A tight race in America’s car country

Republican candidate Donald Trump has been making steady headway in Michigan

November 06, 2016 11:27 pm | Updated December 04, 2021 11:00 pm IST - Washington

After 1988, no Republican presidential candidate has won Michigan but the State that has 16 electoral college votes is in play this Tuesday. What makes the State an unusual cliffhanger is the fact that 13 percent voters polled as undecided four days ahead of voting, even as Republican nominee Donald Trump is making steady headway, according to a Detroit Free Press poll.

Michigan will be one of the three States in which Democratic nominee Hillary Clinton will campaign on Monday, a day ahead of the voting day. It will be also on the list of four States in which Mr. Trump will campaign on Monday.

It is in this city that Henry Ford pioneered standardised manufacturing that was at the core of the economic model that sustained Franklin Roosevelt’s New Deal politics. The collapse of the automobile industry was the starkest demonstration of the lingering crisis in American economy and politics. President Barack Obama turned around the automobile industry, and Detroit is limping back. But limping, it still is – and that explains the difficulties of Ms. Clinton who is accused by Mr. Trump of promoting the trade deals that led to the collapse of U.S automobile manufacturing.

In a suburban mixed race neighbourhood, Pastor Michael R Jones has seen the painful decline and the stuttering recovery of his congregation, along with the automobile industry. “Offerings became a trickle, then we began getting distress calls for help,” he recalls the worse days, when he took up a part-time job to survive. There is enough offering in the church to keep him going, but that is only because more people have joined the parish, the pastor said. “People are not in a position to put the same amount in the offering plate as they used to do before 2008,” he said.
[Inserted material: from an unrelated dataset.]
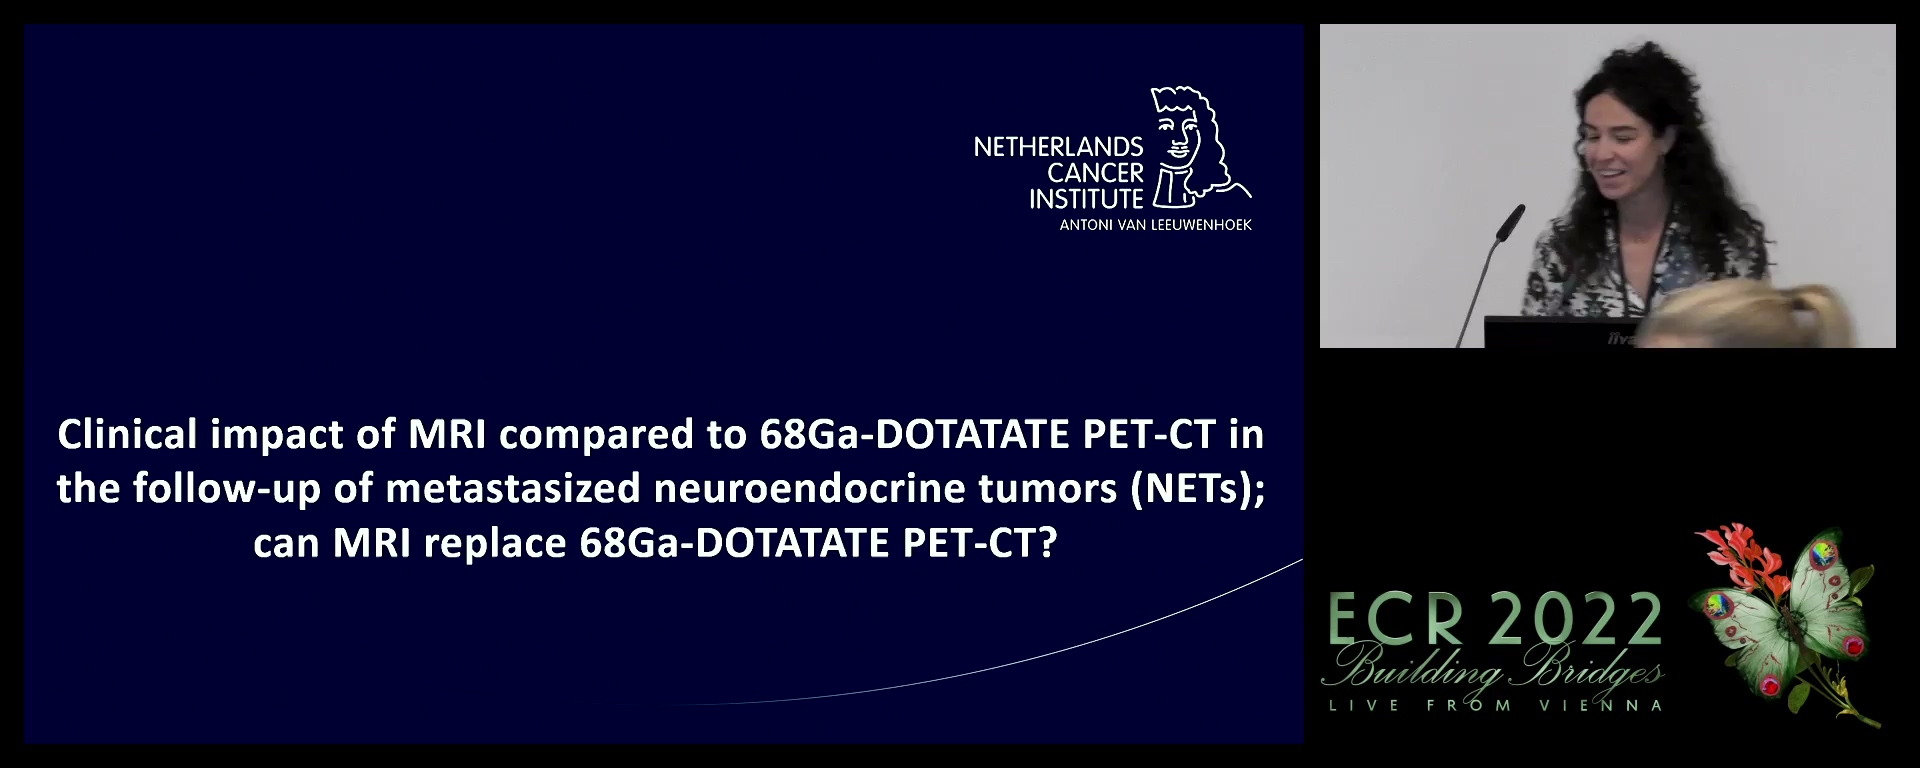 Clinical impact of MRI compared to 68Ga-DOTATATE PET-CT in monitoring metastasised neuroendocrine tumours (NETs): can MRI replace 68Ga-DOTATATE PET-CT? - Charlotte Rijsemus, Amsterdam / NL
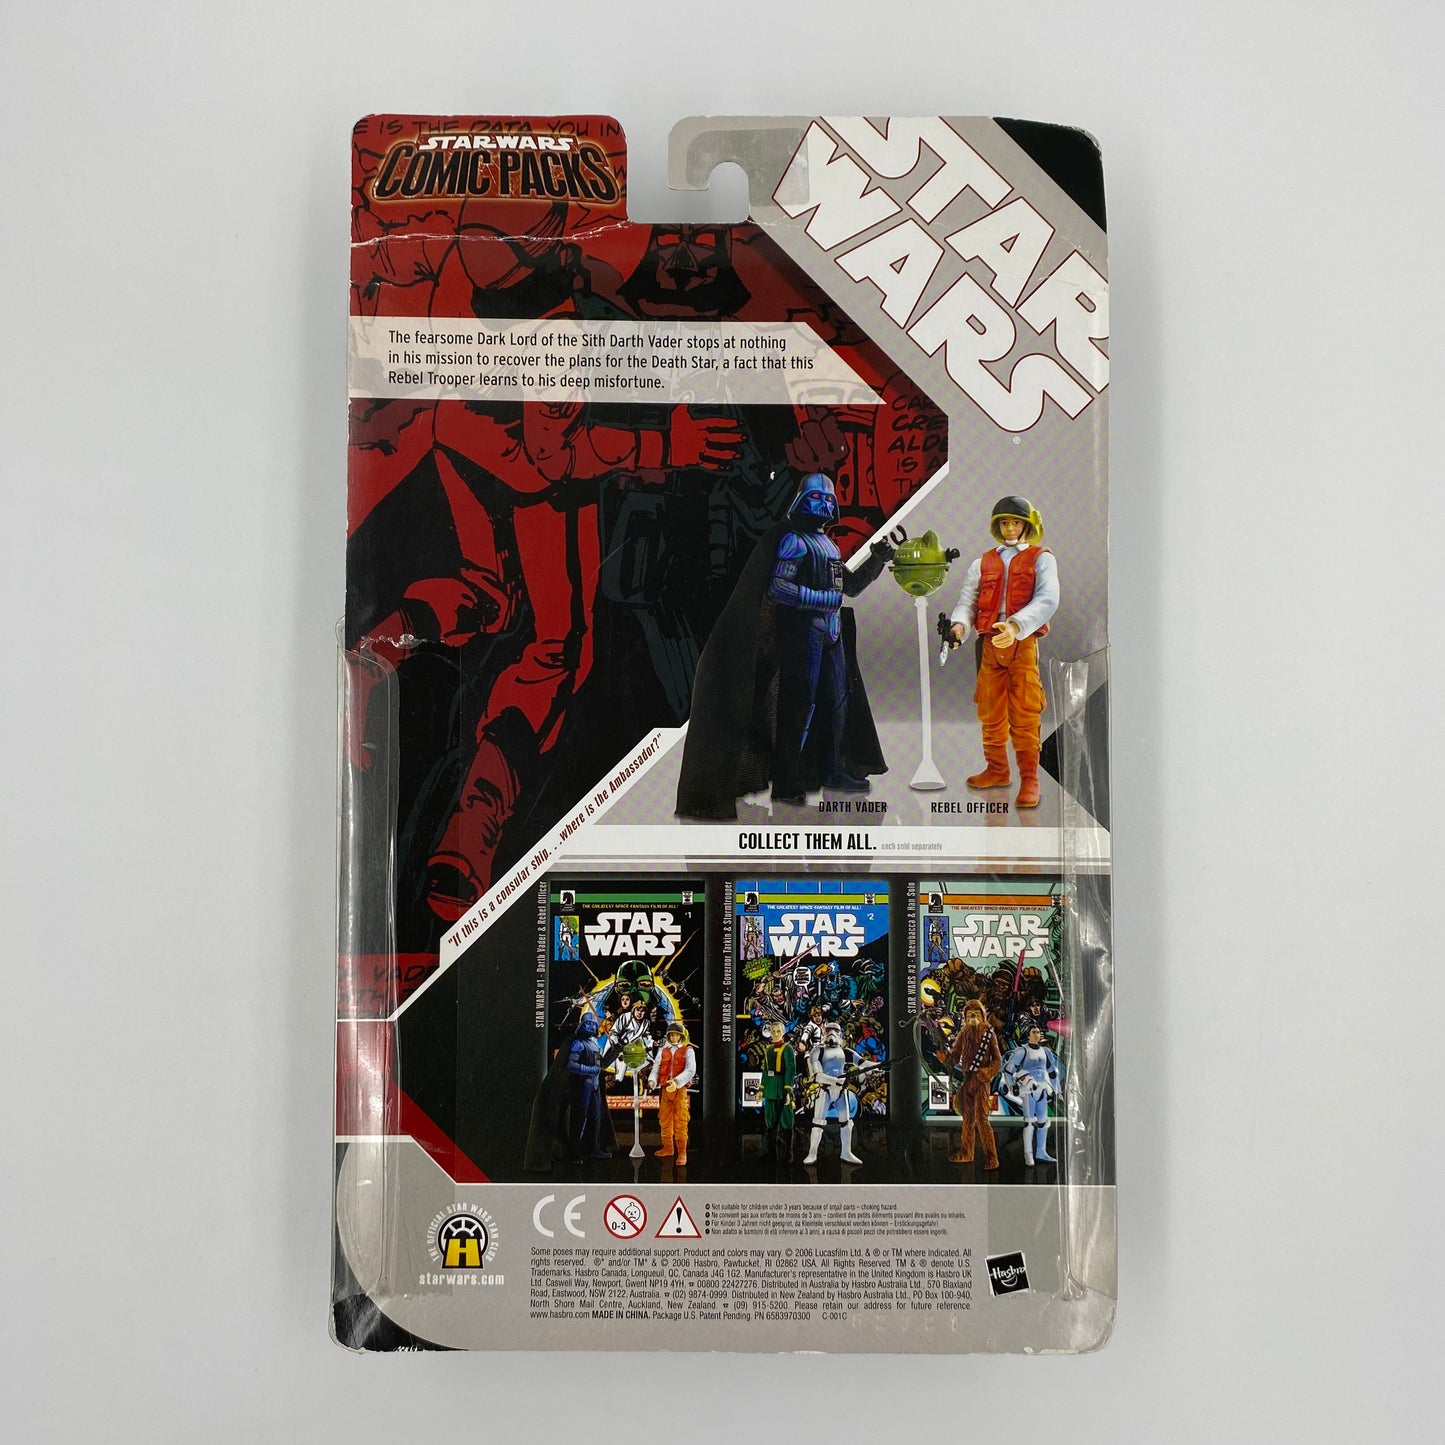 Star Wars Comic Packs #2 Darth Vader & Rebel Officer carded 3.75” action figures (2006) Hasbro

The community kitchen that he helps manage, brings him face to face with day to day poverty in this once prosperous city. “The face of poverty has changed. You have all races and all types of people who are at the community kitchen, in some cases, even though many do two jobs,” the pastor said. Members of the parish would be evenly divided between Ms. Clinton and Mr. Trump, he feels.

DeWit McGowan is an African American union activist who works for General Motors, one of the companies that got back on its feet thanks to Mr. Obama’s measures. “The Republicans did not support the package for the industry. But we had faith in the Presidency and the Democrats as a whole. The recovery is real and we can feel it. It is ok to go grocery shop a little a better, buy some more clothes,” Mr. McGowan, who lost his job during the downturn, says. He believes it is wrong to blame Ms. Clinton for the trade deals that undercut the city’s manufacturing base. “She knows the problems with the trade deals and I am confident that she will make changes in those deals,” he says, adding that Mr. Trump will have no takers among the African American community. But the fact that there is a contest in Michigan a day ahead of the polling is a significant indicator.